Under terms of the joint venture, KKR is contributing 80 percent of the portfolio value in equity and Healthcare Realty will retain a 20 percent stake in the ownership of the portfolio, as well as oversee day-to-day operations and leasing at the property level. Healthcare Realty seeded the joint venture with 12 properties at a value of $382.5 million, followed by a second investment of properties valued at $118 million.

Crowley said that the REIT is effectively recapitalizing the properties at an attractive cap rate while maintaining ownership and reinvesting the proceeds back into the company by way of purchasing its own stock.

“You have to get creative when times are like this, and so for us to be able to have an option outside of our own balance sheet to grow the company — that’s a big success for us,” said Crowley.

David Braunstein, senior vice president of investments at White Plains, N.Y.-based Rethink Healthcare Real Estate, said that whether it’s joint venture equity partnerships, refinancing or selling, 2025 represents a “capitulation point” where healthcare real estate brokerages will be working overtime, as more deals are expected to come to market.

“It’s time,” said Braunstein. “You are not kicking the can down the road for a better day. Unfortunately, there is no better day if your internal rate of return right now is zero or -1. It’s time to transact.”

No Appetite For Leasing Risk

All the panelists agreed that the value-add play where investors — and more importantly, their capital partners — take on lease-up risk in the short term to realize long-term returns is not a viable strategy in the healthcare real estate space, at least not for 2025.

“The value-add deals are where the capital markets side has issues, but that is on the equity side as well,” said Cole Reethof, vice president of CBRE’s U.S. Healthcare Capital Markets team in Atlanta. “The lease-up play has to be really strong for debt and equity for there to be buy-in.”

“If you have equity that wants traditional value-add or opportunity-oriented returns, it’s a tough opportunity set right now,” added Braunstein.

The leasing profile has to be satisfied even for new ground-up construction, according to the panelists. For the most part, both debt providers and joint venture partnerships are not willing to fund construction projects, even in desirable submarkets, unless tenants are committed.

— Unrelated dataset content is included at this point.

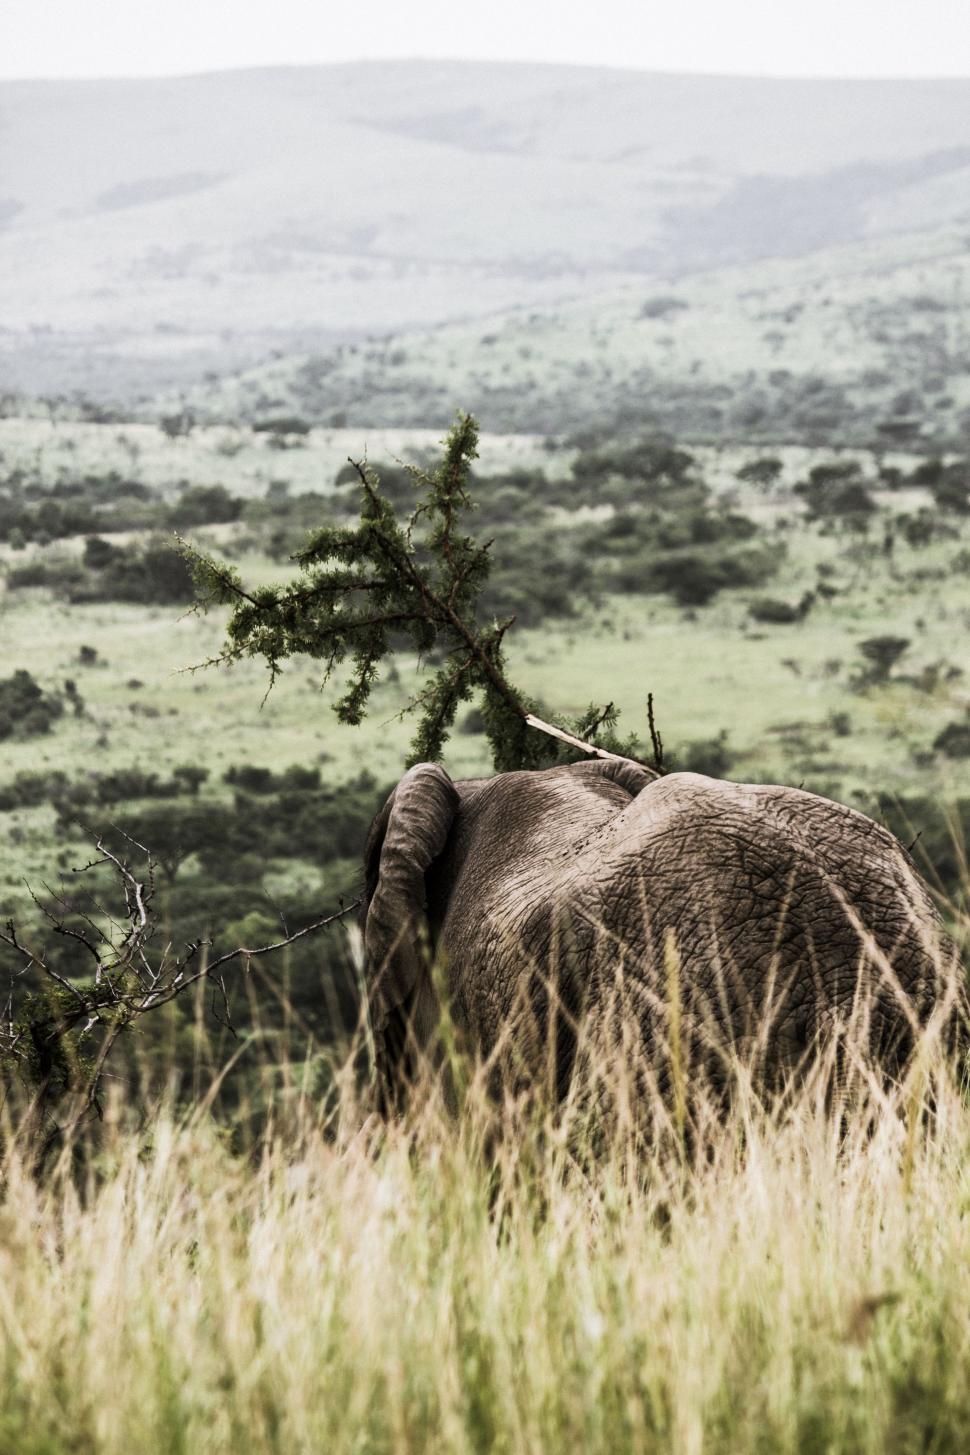 Free Image of Elephant Standing in Field With Tree Trunk

“Development has been challenging in terms of construction financing,” said Braunstein. “If you have a 100 percent preleased project, you can get off the ground.”

In A Word

To close out the panel discussion, Dow asked each panelist to provide a one-word prediction for healthcare real estate activity for 2025. Randi Ruble, senior vice president of real estate development at Pensacola, Fla.-based Catalyst Healthcare Real Estate, went with the term “customization.”

“We are customizing every single project with the right partners,” said Ruble. “Right now, we have end users that are in our pipeline so we’re customizing how we want that to roll out.  And sometimes our equity partners are from different solutions. We are utilizing every option and being very creative with how we craft our solutions.”

Ruble said that Catalyst has mitigated some of the headwinds facing the industry with its build-to-suit partnerships, which take lease-up risk out of the equation. The firm recently delivered a MOB and ambulatory surgery center in Wildwood, Fla., for Ocala Eye, an optometrist practice with multiple locations throughout north-central Florida.

Ruble’s chosen word was in line with the other themes of the panel, namely collaboration and creativity. The other panelists opted for terms that were optimistic in nature: Crowley chose the word “better,” Appel’s word was “strategy” and Braunstein went with “momentum.” Reethof, meanwhile, chose “soiree.”

“I don’t mean 2025 is going to be an absolute party, but I think everyone that has been on the sidelines is going to join in,” said Reethof. “Groups that have had their dry powder or allocations have shifted and will be joining the party in 2025.”